The method has two steps. The first step – known as a design problem – is to design a method that can generate data that can be used to estimate the desired answer. The second step – known as an inference problem – applies a statistical method to the computer-generated data to approximate the answer, along with its associated statistical errors.

Meng, who has made important contributions to both areas, for years was troubled by the relative unsophistication of the techniques used in the inference area compared with the maturity of techniques and thinking used on real-world problems. With a bit of tweaking, he thought, the Monte Carlo approximations could be made more accurate without increasing the cost or size of the simulations.

After several years of research with several of his colleagues at the University of Chicago, Meng thinks he’s hit on the reason why the analyses of Monte Carlo-generated data pales compared with real-world analyses: missing information.

Or rather, no missing information.

In any real-world inference problem, certain things are unknown and statistical methods have been developed to figure out those unknowns from the collected data. The problem with the computer simulations is that nothing is unknown because the model that generates the simulated data is completely known to the investigator.

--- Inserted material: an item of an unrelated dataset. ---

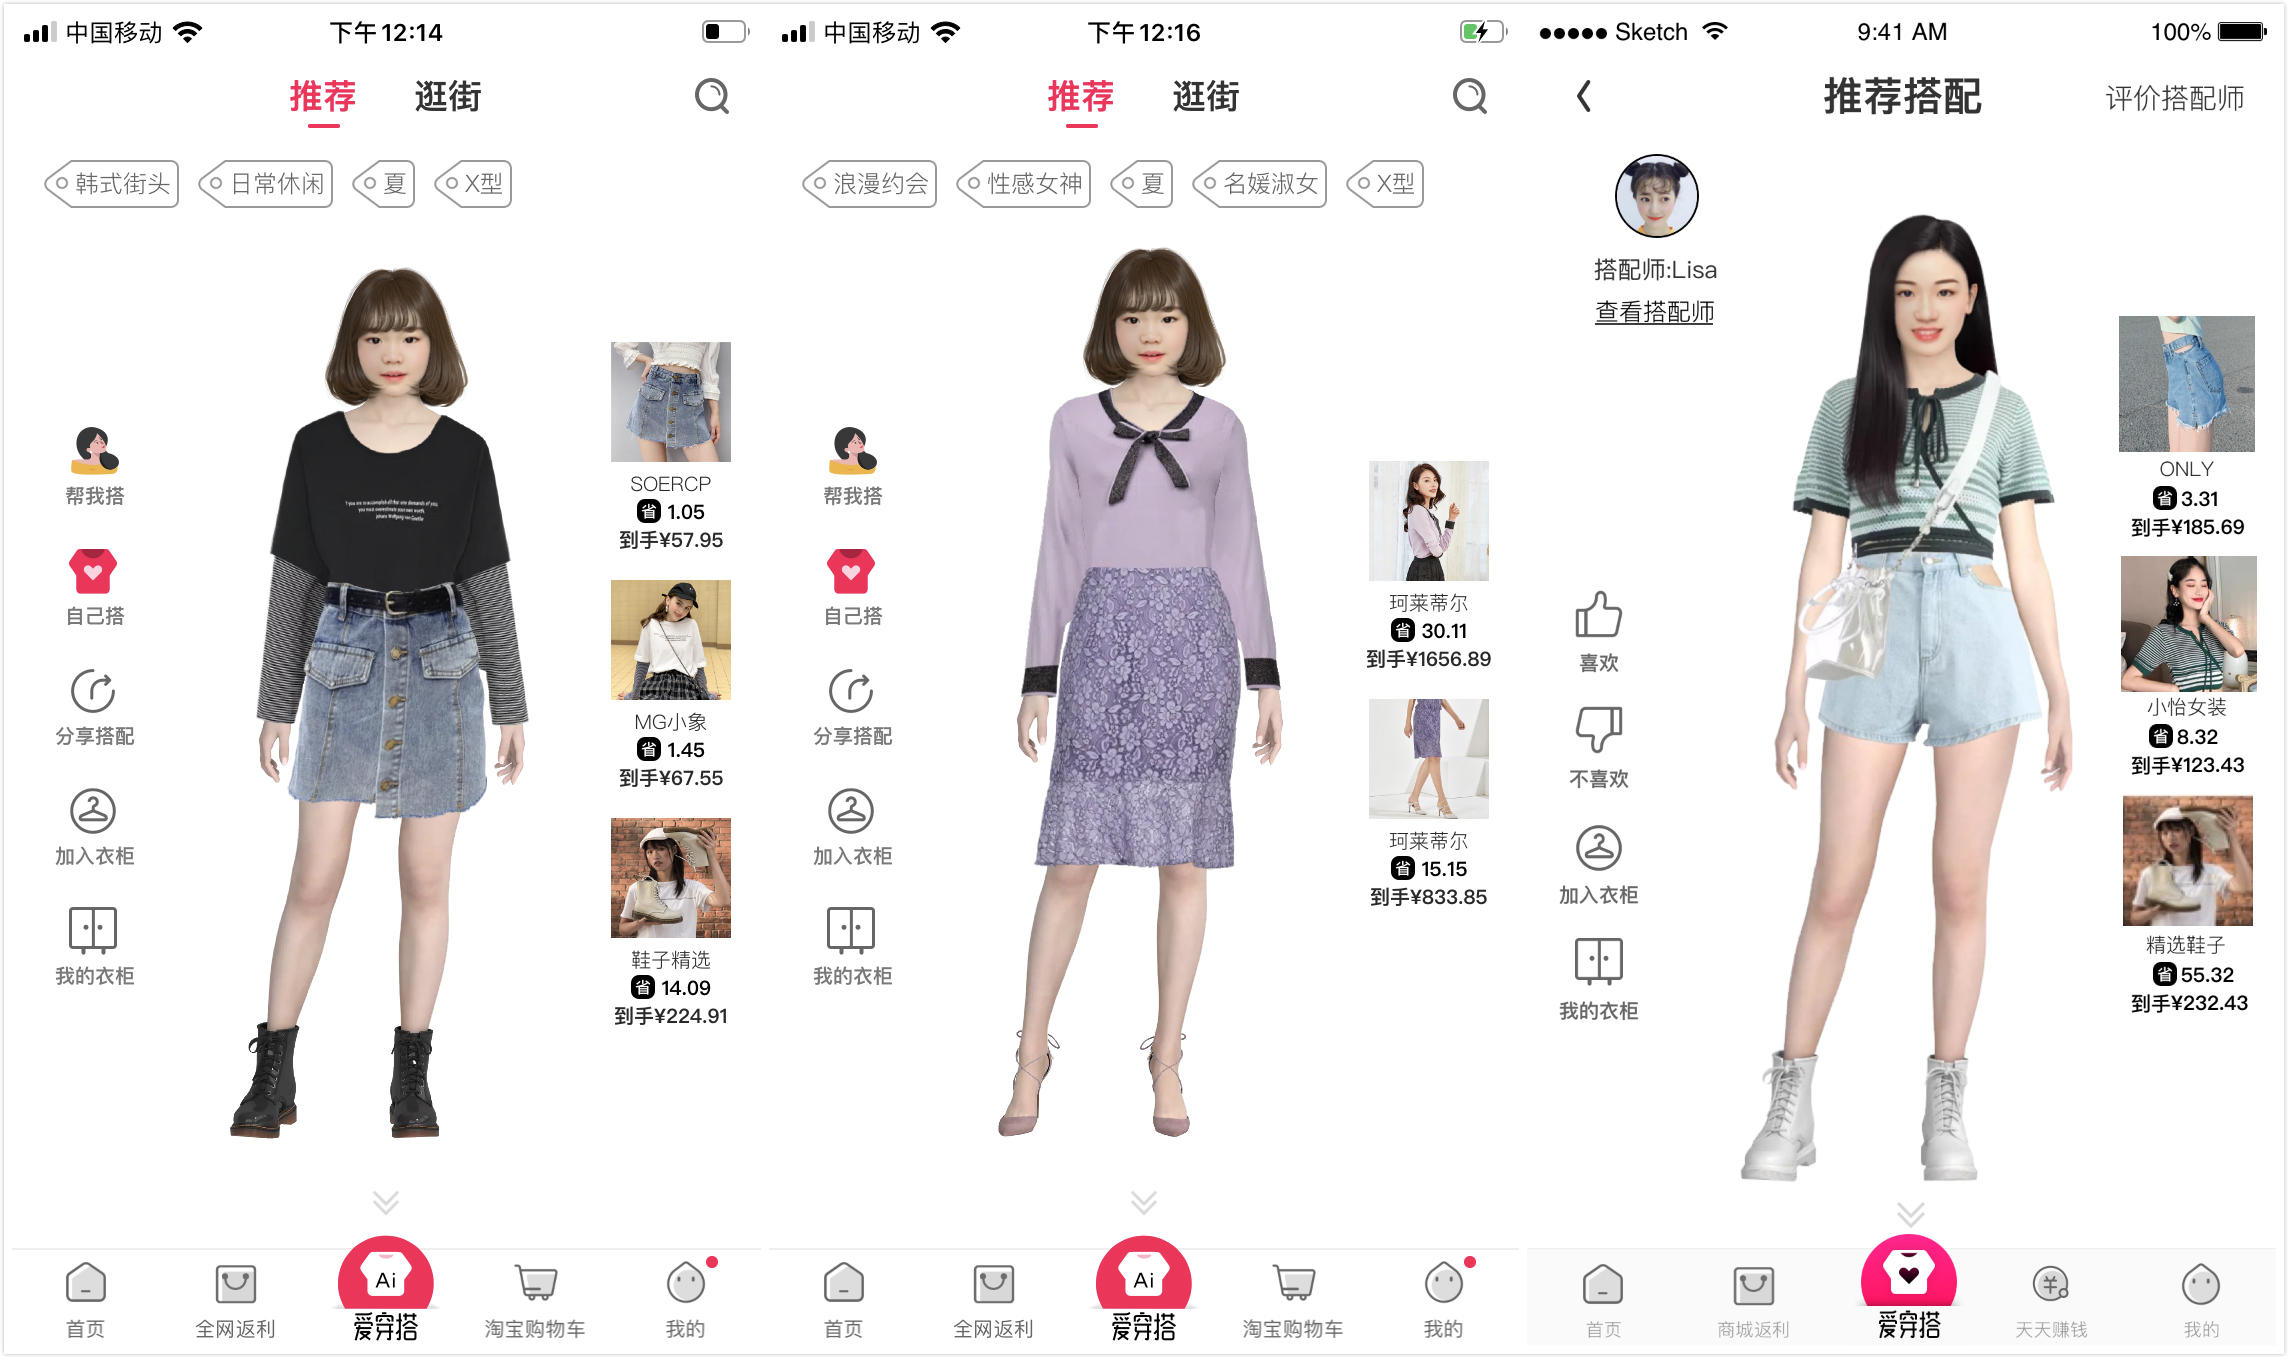 「淘粉吧」推出AI服装搭配平台「爱穿搭」，希望推动中国美学教育发展

Therefore, to apply statistical methods developed for the real world to the Monte Carlo’s simulated data, one has to ignore part of the knowledge of the simulation model, Meng said.

“With real data, we always have to make inferences from what’s known to what’s unknown,” Meng said. “In Monte Carlo integration, treating everything as known is an illusion because we cannot use all of our knowledge in coming up with an answer. The message we’re trying to get out is we have done a fantastic job creating these powerful Monte Carlo algorithms but we’re doing a poor job analyzing them once we have the data.”

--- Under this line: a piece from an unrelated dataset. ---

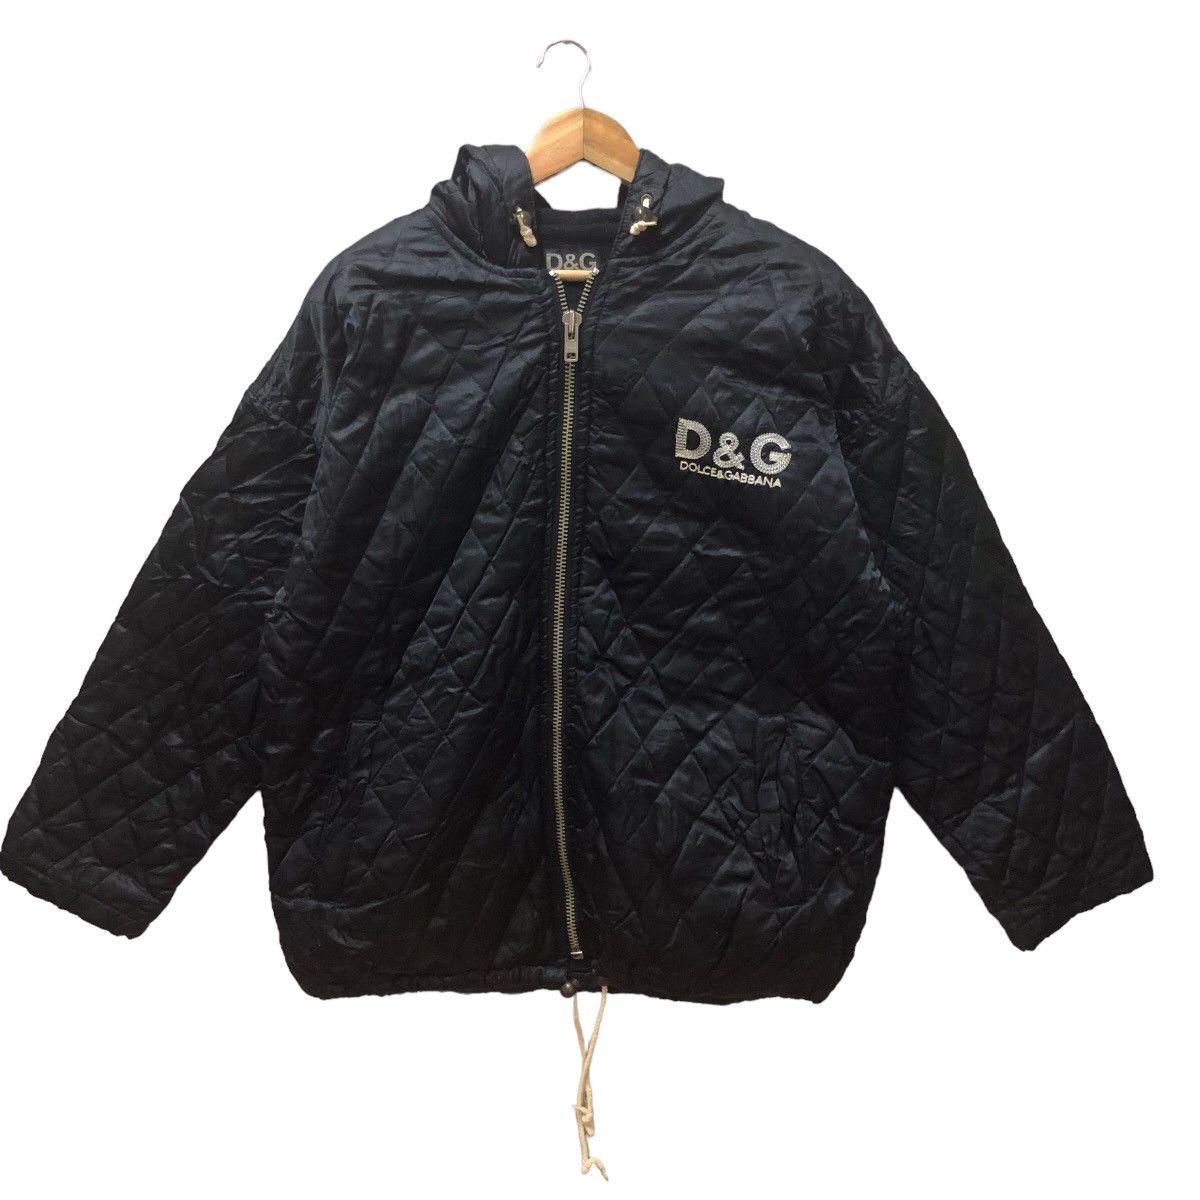 Vintage d&g big embroidery logo qulited hoodie jacket - 2

Meng said they have developed a general method to decide which knowledge should be ignored, something called “baseline measure.” Meng said once they hit on this idea he instantly realized that this is the “missing link” because the baseline measure’s infinitely many unknowns reflect the fact that Monte Carlo integration’s errors are because no computer can enumerate infinitely many possibilities.

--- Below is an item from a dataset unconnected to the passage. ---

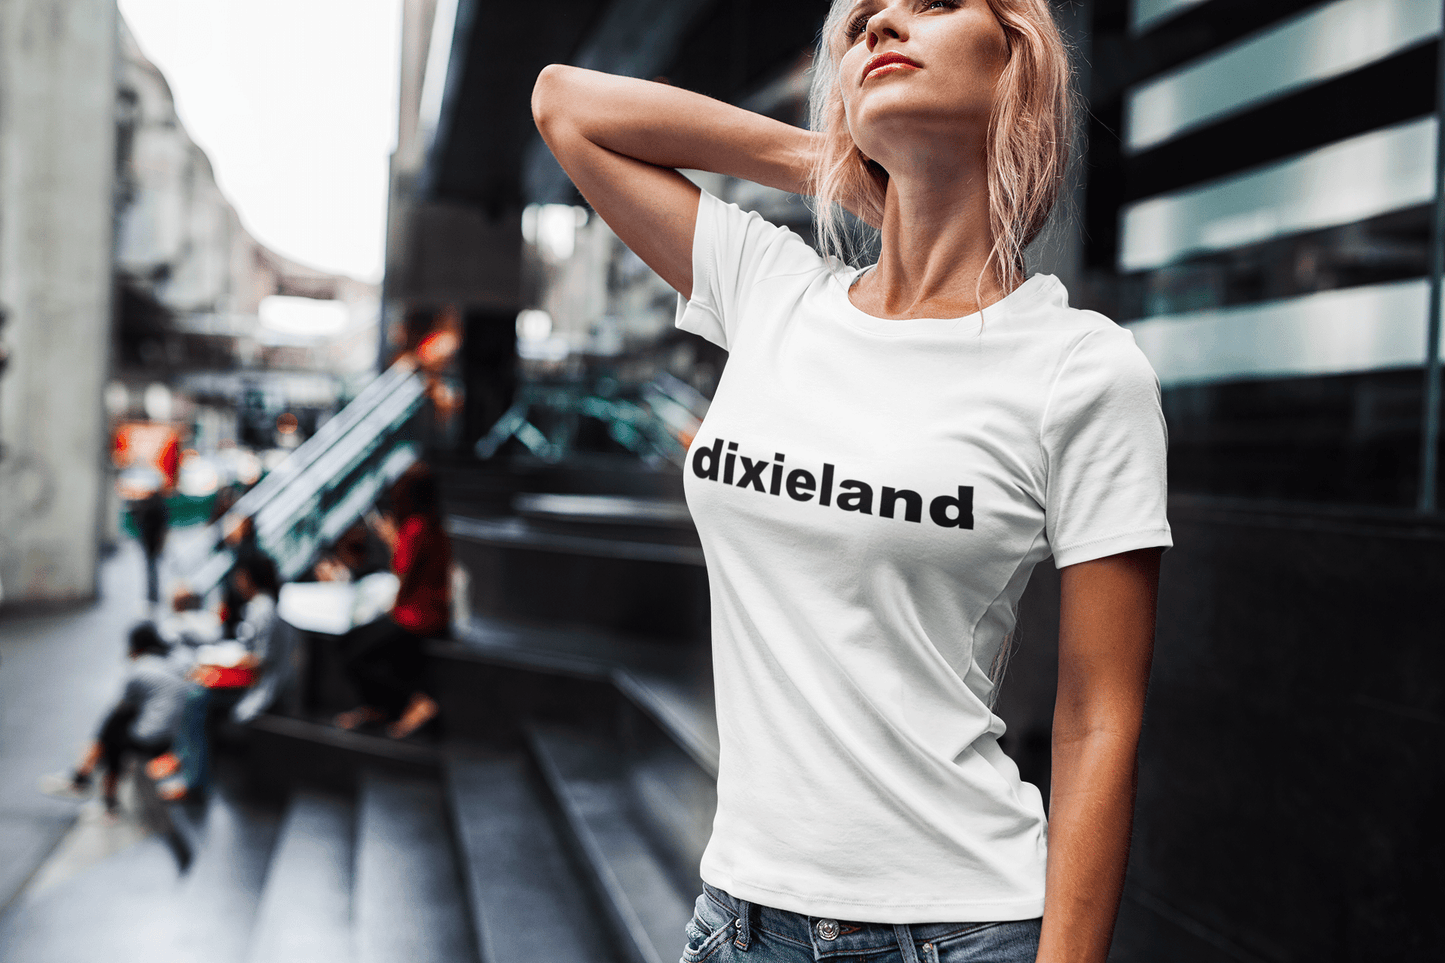 Dixieland Tourist Attraction T-shirt à manches courtes et col rond pour femme 00072

Meng said he’s excited about this finding, particularly because the theory and methods have worked out so beautifully so far, revealing wonderful new insights.

Studying randomness

Meng, a native of Shanghai, received a bachelor of science degree in 1982, then went on to receive a diploma in graduate study of mathematical statistics from Fudan University in 1986. After that, he applied for graduate school at Harvard and said he was surprised when he was accepted, especially with a full scholarship.

“At the time of applying, a lot of people, myself included, thought I was joking, since Harvard was and perhaps still is simply unreachable and unaffordable in many Chinese students’ minds,” Meng said. “I am certainly very grateful to Harvard for its full fellowship, which made it possible for me to pursue my fascination in this most stimulating university.”

He received a master of arts in statistics from Harvard in 1987 and a doctorate in statistics in 1990. After graduating from Harvard, Meng went on to teach at the University of Chicago, becoming an assistant professor in 1991, an associate professor in 1997 and professor in 2000.

Rubin, who served as Meng’s adviser when Meng was a graduate student here, said Meng was very strong technically when he arrived at Harvard and proceeded to develop an intuitive sense of statistics that many never do.

“He’s so successful, it’s hard to say I anticipated that when he first came,” Rubin said. “Some people get that intuition and some people don’t, and he did so spectacularly.”